Oman, Bahrain, Saudi Arabia, Dubai and other Gulf States supply necessary medication and treatment for patients through their national health programs. Most medications are readily available in all regions but there is little knowledge of appropriate treatment among the medical community. The Gulf Respiratory Society is actively increasing awareness of CF and will continue to work with CFW to host future CF Seminars.

Parents and persons living with cystic fibrosis in the region do not have access to appropriate information.

There are few CF sources on the web or in print in Arabic, the predominant language of the region. This has made it difficult for families to understand the daily needs of CF persons and how to cope with the demands on all family members. There are few resources available to train parents and patients on daily Nutritional and Physiotherapy needs.

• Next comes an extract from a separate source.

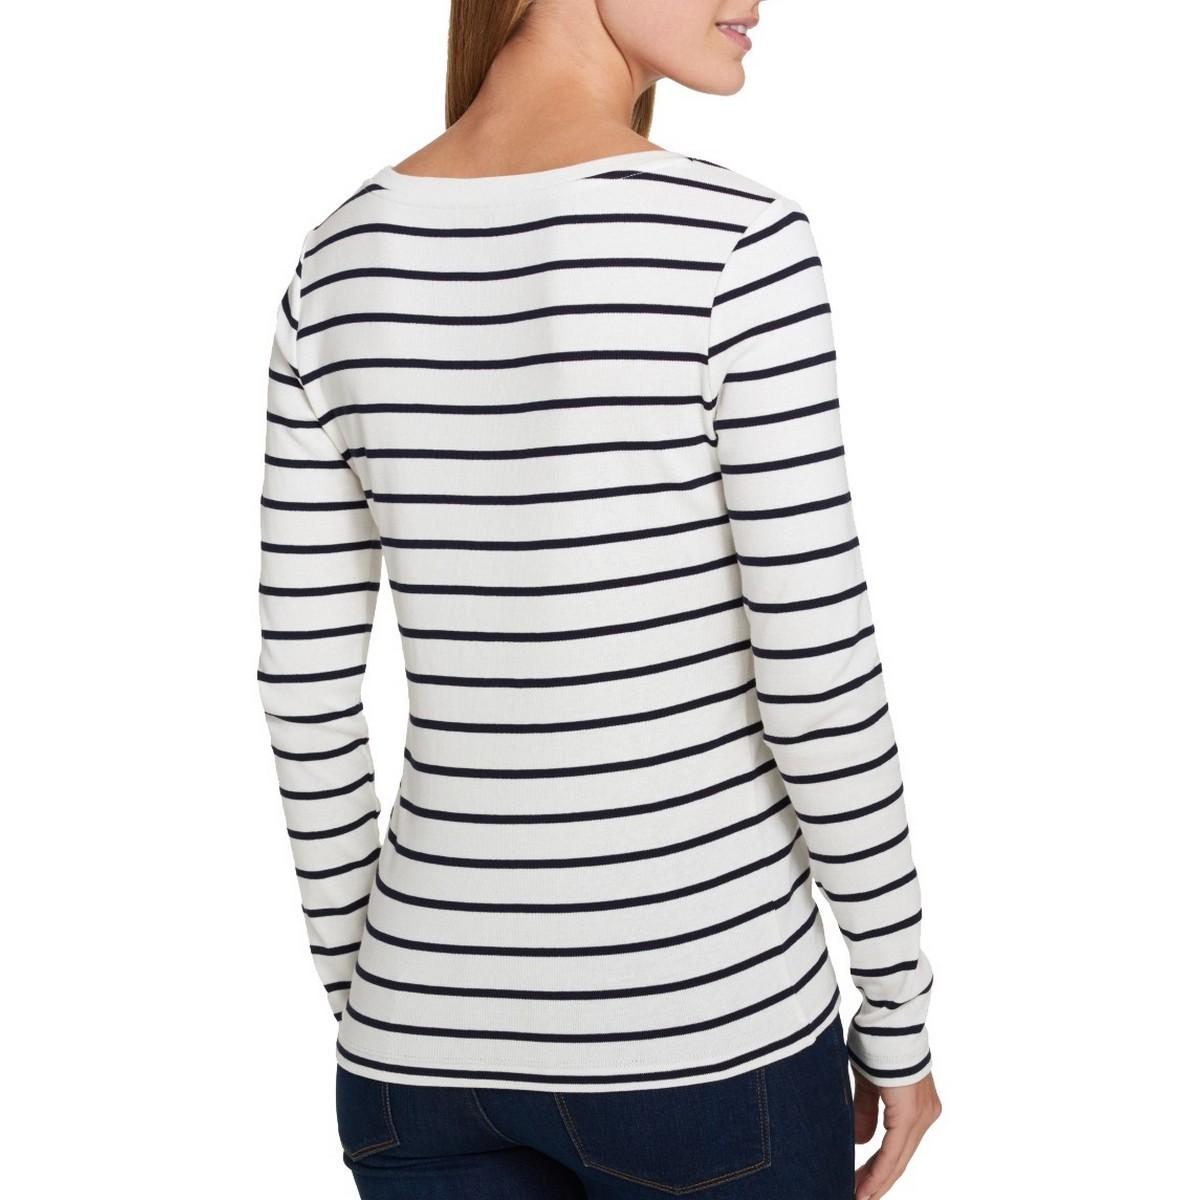 TOMMY-HILFIGER-NEW-Women-039-s-Cotton-Striped-Scoop-Neck-T-shirt-Top-TEDO thumbnail 3

Home treatments are not available making patient hospital stays more frequent and prolonged. One family interviewed said their child with CF spends up to 2 weeks every 2 to 3 months in the local pediatric clinic for antibiotic treatments and physiotherapy.

Many parents expressed the desire to have a CF newsletter in Arabic and to form support groups for parents and patients. CFW is planning to host a Parent/Patient educational workshop in Oman in 2007 addressing home Physiotherapy and Nutritional needs. During this workshop a concerted effort will be made to form a local Parent/Patient organization to help support the initiatives of the Gulf Respiratory Society. The long term goal will be the development of several support groups throughout the region.

CFW looks forward to a positive evaluation of the Oman Conference and new Educational Programs aimed at spreading knowledge about cystic fibrosis. The Oman conference offered us a chance to better understand the needs of persons in a region where we are slowly uncovering a CF population. We look forward to returning to Oman in the near future to help improve the lives of people living with CF in the Gulf Region.